• fritter •
fri-dêr • Hear it!
Part of Speech: Verb, Noun
Meaning: 1. (Verb) Waste (time), piddle, loaf. 2. (Noun) A small piece, fragment, or shred. 3. (Noun) A lump of fried batter containing fruit, vegetables, or meat.
Notes: Today is another two-for-one day at alphaDictionary for fritter is actually two words that coincidentally resemble each other (see Word History). We may eat fritters or fritter away the day doing little or nothing. Someone who fritters is a fritterer. Fritter in the second sense above most often occurs in the plural: "Giselle's vase fell and broke into fritters."
In Play: Since these two words are not related but are only accidental doppelgangers, it is easy to use both in the same sentence: "Fred, don't fritter away the whole morning eating those corn fritters!" We can just as easily team it up with yesterday's Good Word: "Phil Anders frittered his life away with one floozy after another."

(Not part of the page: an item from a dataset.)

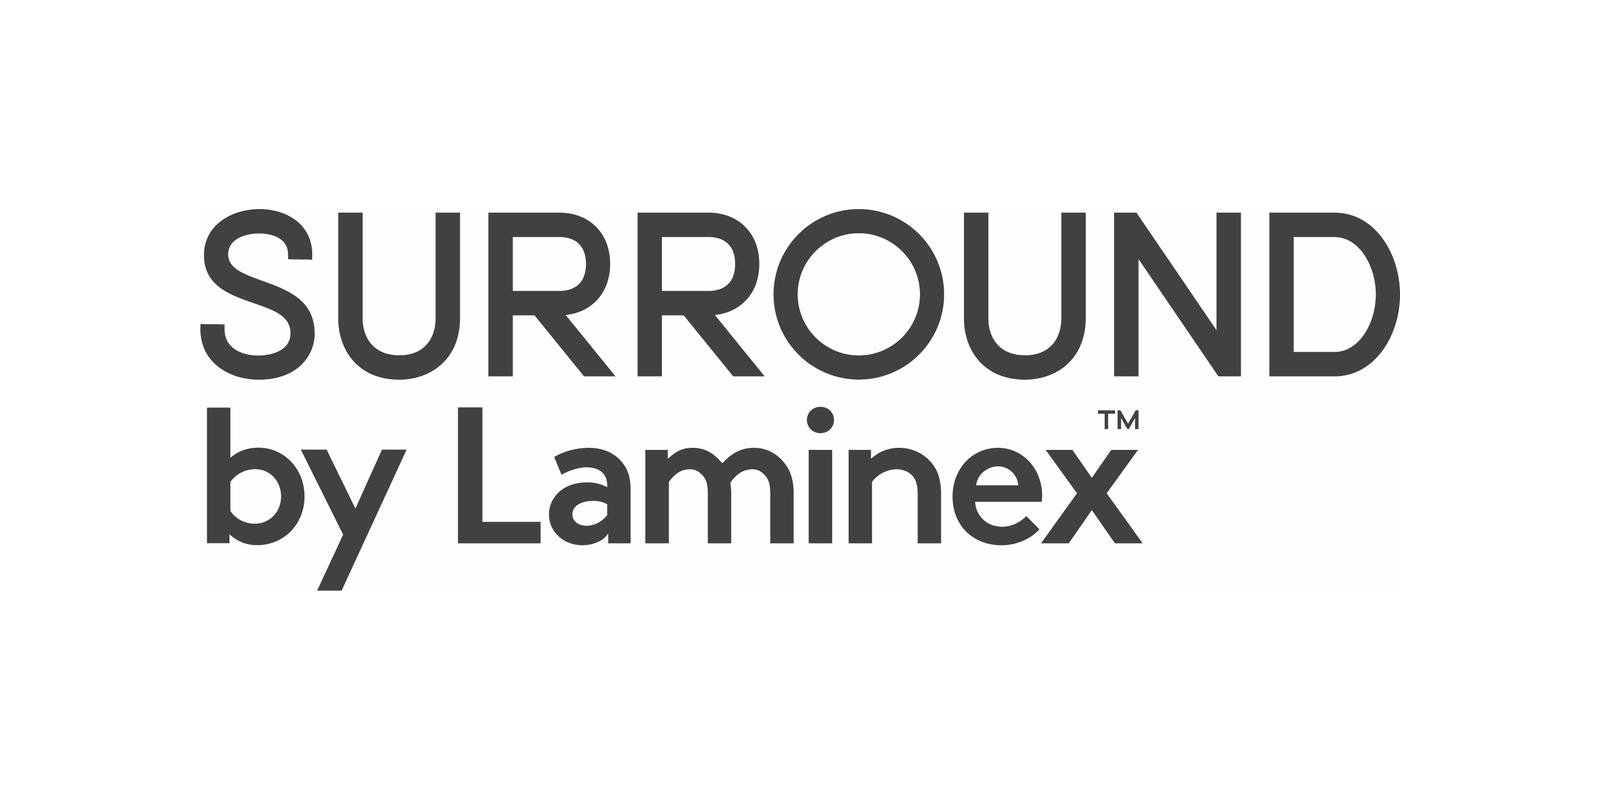 Surround by Laminex logo

Word History: The Latin noun fractura "break, crack" came to be fraiture in Old French, then freture, at which point English borrowed the word and converted it to fritter. French then replaced its word with the Latin original, fracture, which means the same in French and English today. English, though, acquired two words from the deal: fritters "small fragments broken off or up" and fracture. This noun, fritters, was then verbalized in the sense of "to whittle", a process that creates wood fritters and was once a popular way of wasting time. The culinary noun fritter is a reduction of French friture "fried food", based on frit "fried", as in pommes frites "French fries". French inherited frit from frictus "fried", the past participle of Latin frigere "to fry". Apparently the suffix -ura was added to this root somewhere between Classical Latin and Old French without leaving written evidence.